# Форум на русском языке  > Основы информационной безопасности  > Общая сетевая безопасность  >  VPN fingerprint. Анонимность 0%

## burjui123

Без каки-либо впн захожу на 2ip.com/privacy Делаю проверку и мне пишет Вы используете средства анонимизации, однако нам не удалось узнать ваш реальный IP адрес.

Вероятность использования средств анонимизации:

99 %

из-за VPN fingerprint	IPsec/VPN (MTU 1400)	

Подскажите пожалуйста, что это значит?

----------

Надоело быть жертвой?
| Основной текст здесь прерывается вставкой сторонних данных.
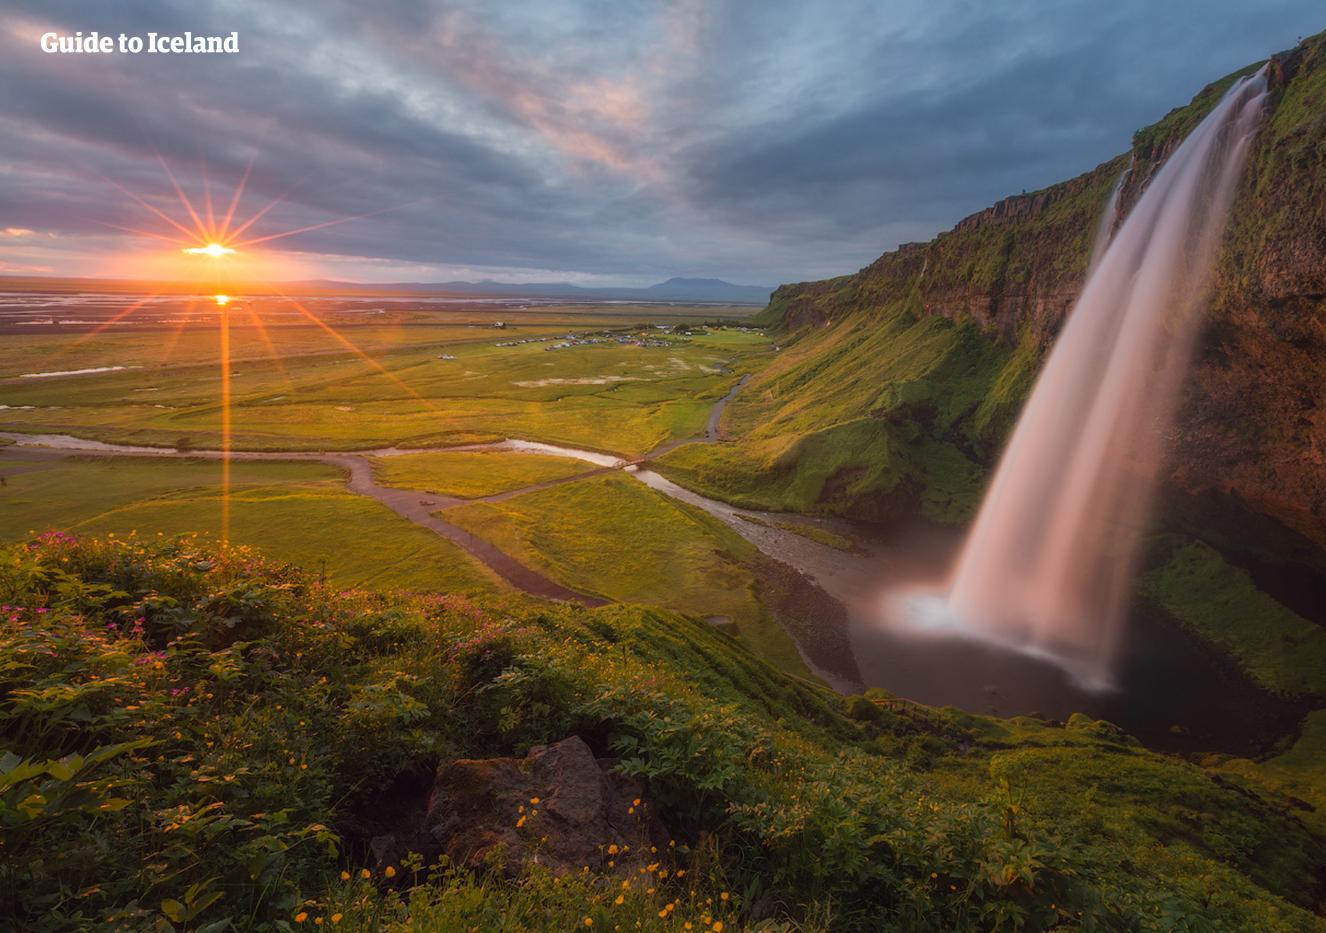 Stojąc za kaskadą wody Seljalandsfoss możesz zrobić niepowtarzalne zdjęcia fascynującego krajobrazu południowego wybrzeża Islandii.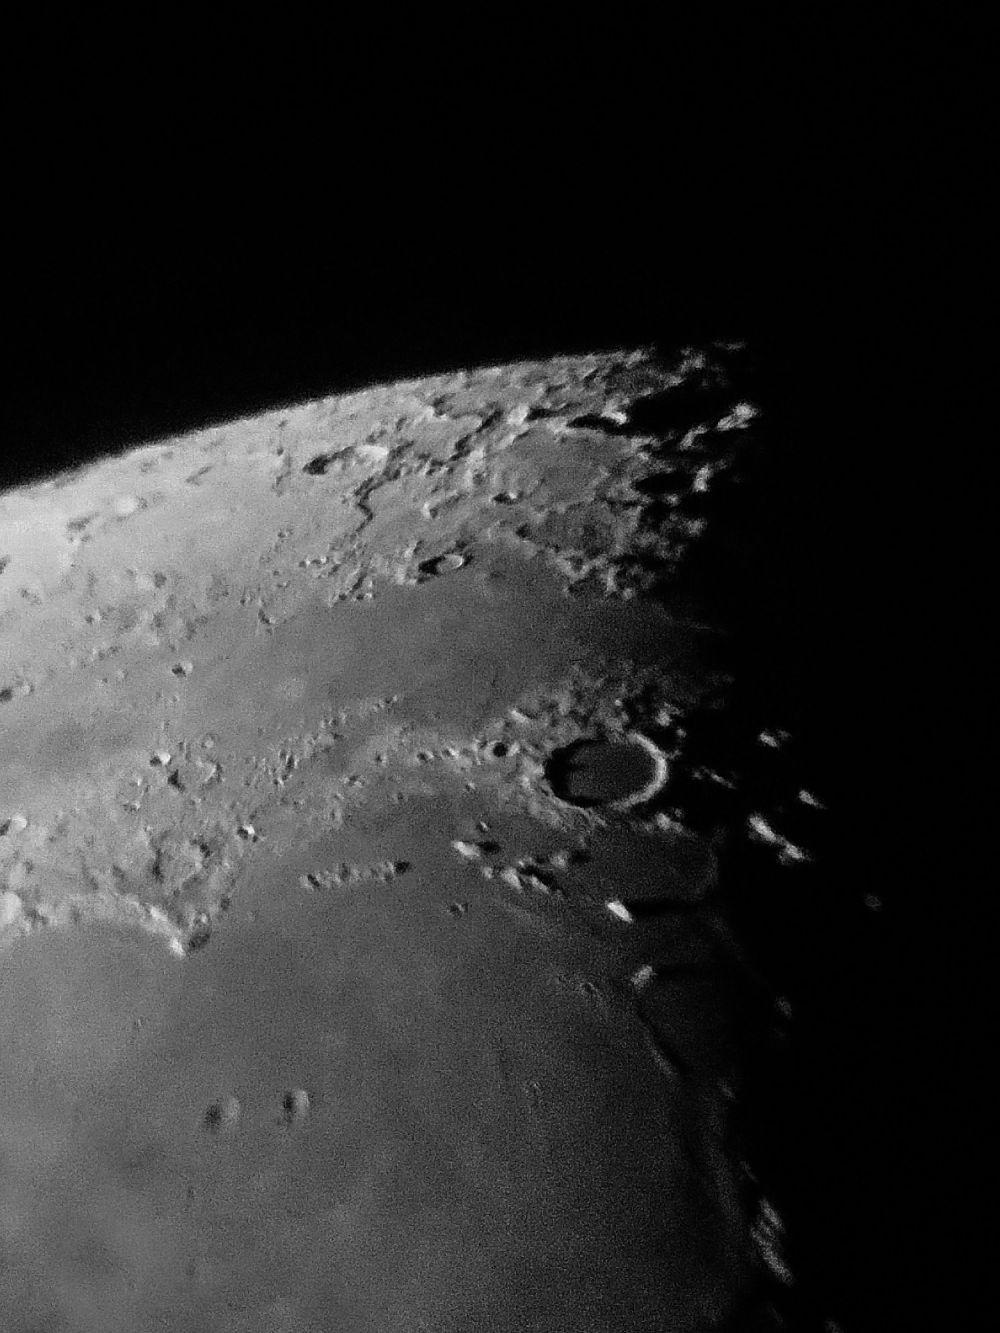 Лунные кратеры 10.10.2020 (1)

Стань профи по информационной безопасности, получай самую свежую информацию об угрозах и средствах защиты от ведущего российского аналитического центра Anti-Malware.ru:

----------


## olejah

VPN Fingerprint - это система, которая распознает, когда пользователь заходит через VPN. Но она может ошибаться вполне, скорее всего, в этом случае так и есть. Думаю, лучше связаться с поддержкой этого сервиса, чтобы пофиксили.

----------


## Val_Ery

> Вероятность использования средств анонимизации:
> 
> 99 %
> 
> из-за VPN fingerprint IPsec/VPN (MTU 1400)
> 
> Подскажите пожалуйста, что это значит?


Ну, это означает, что в базе 2ip имеется запись, которая по MTU/MSS аналогична тому, что ресурс получает от Вас. А раз Вы *НЕ* используете средств анонимизации, то это может быть связано с одним из трех...
Первое. Такие параметры установлены Вашим интернет провайдером (ростелеком когда-то на dsl этим баловался). 
Второе - на каком-либо из Ваших устройств значение MTU 1400 установлено руками (например, в настройках подключения у роутера). 
И третье - 2ip надо бы обновить базу отпечатков  :Smiley:

----------